The number for CHEMTREC ((800) 262-8200) is in the orange book, and on every MSDS.
They have at their fingertips virtually all the information responders need when dealing with a hazmat incident. Including the manufacturer, particularly in the case of car loads - which is one reason the car number is also painted on the top of tank cars.
Why should we trust this manufacturer of Vinyl Chloride? IMO it is in their best interest to make these claims. They may be true or not. Only a very independent labatory can study a precise reaction of the VC under labatory conditions. My orange book is not up to date. Is VC only under one plackard or is it divided into sections depending on how each load’s chemistry is in the load.
Presumably they know how to spell it. In as much as the manufacturer is handling it daily in their manufacturing processes - they either know how to handle it or their employees are dying in droves.
They had hours to assess this situation, including the time between their press release describing the effects of the burn and the actual breach and burn. To claim that this didn’t leave time to pull up the Orange Book and then dial the CHEMTREC number if the Book didn’t give satisfaction is at best ingenuous.

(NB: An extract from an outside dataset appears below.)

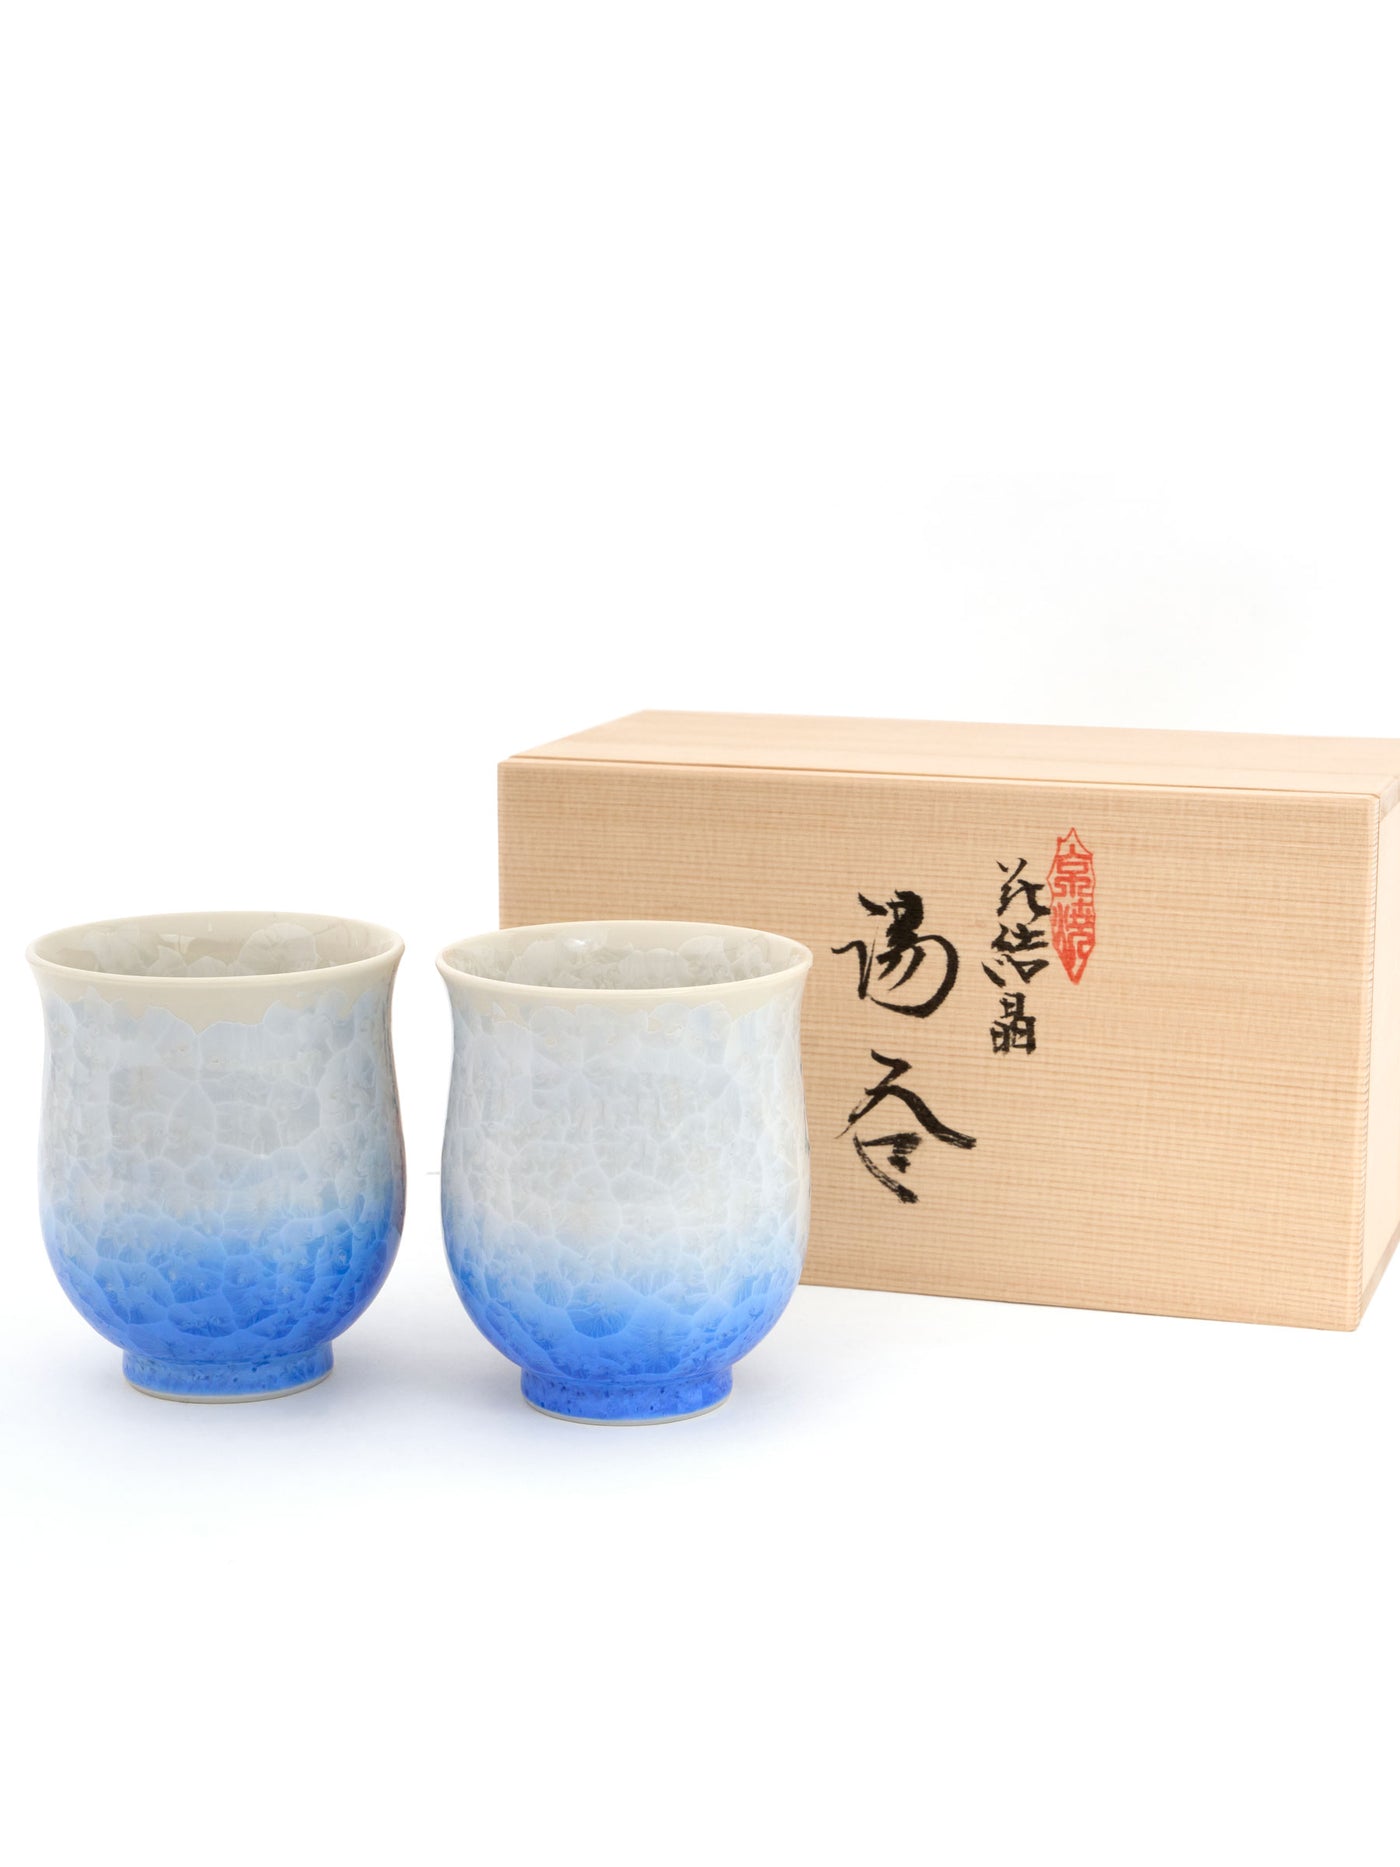 Ensemble de tasses à thé Cristal Bleu Yunomi Kyoto de Kitaya (7fl.oz/200ml)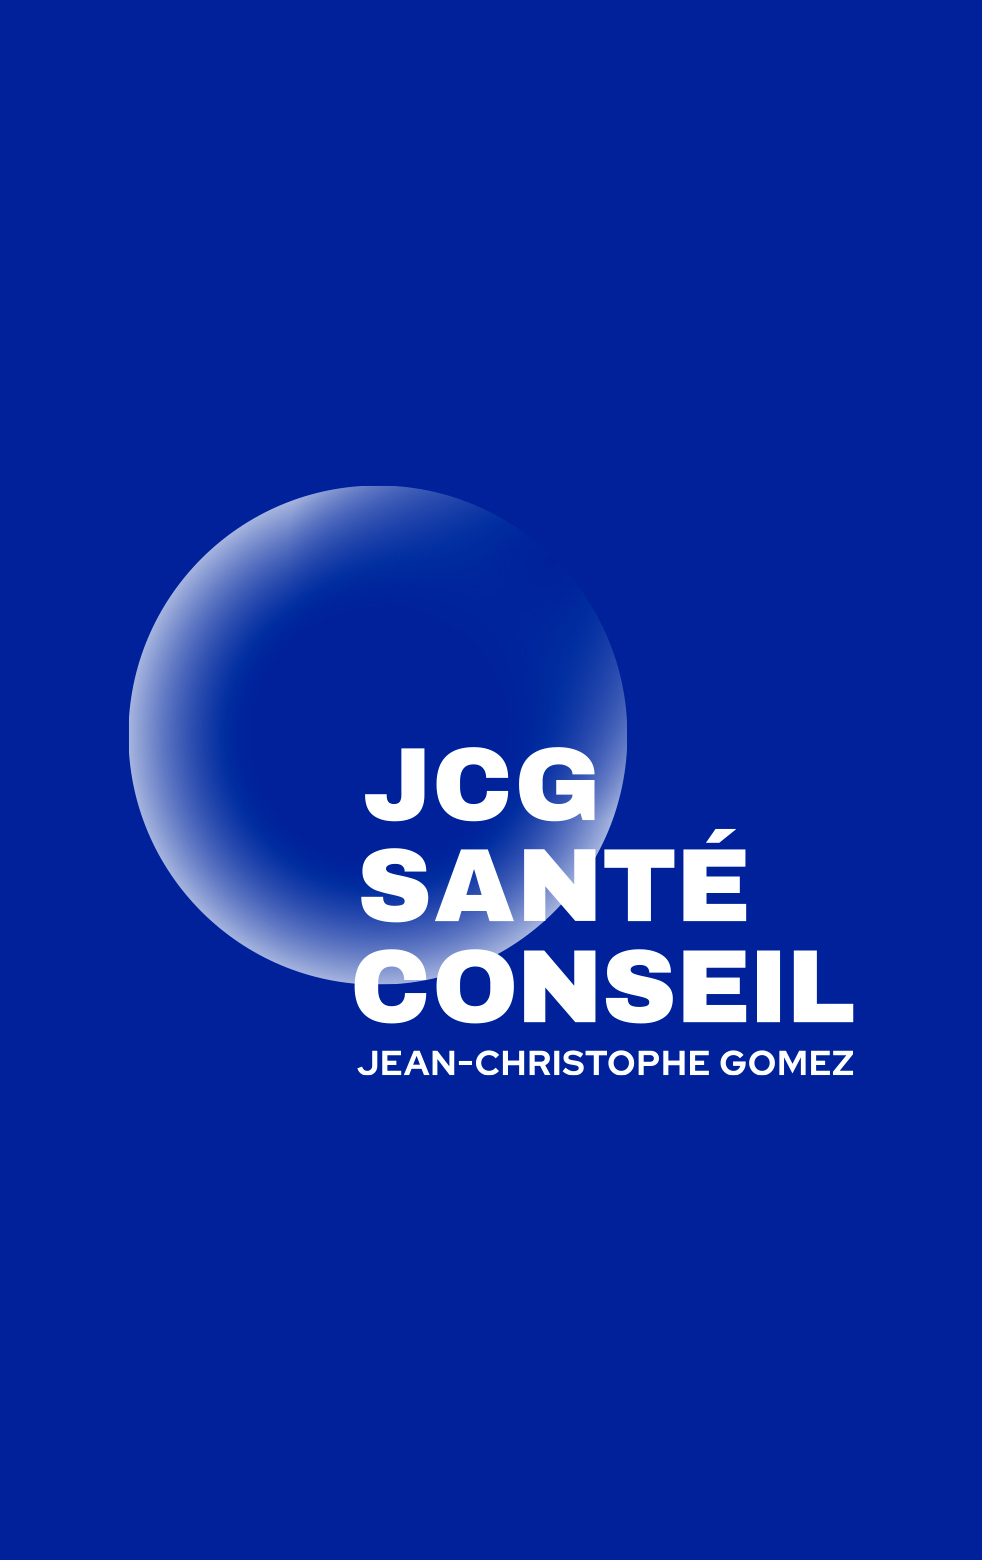 autograff-design-graphique-graphiste-toulouse-france-logo-website-jcg-sante-conseil-coach-blanc

Remember that the official pravda is now that nobody would have advised, authorized, or condoned the ‘controlled burn’. So there had to be a great deal of protracted running in circles, screaming and shouting for hours, leaving enough attention free to threaten NS personnel with arrest, without anyone actually finding the (now supposedly self-evident) references that established hazmat response procedure would have located within minutes… asynchronously with any on-site proceedings requiring foreground attention.
I’m all for giving emergency responders the benefit of a doubt… but the cumulative research and actions taken here only involve excuses, and demonstrably poor ones.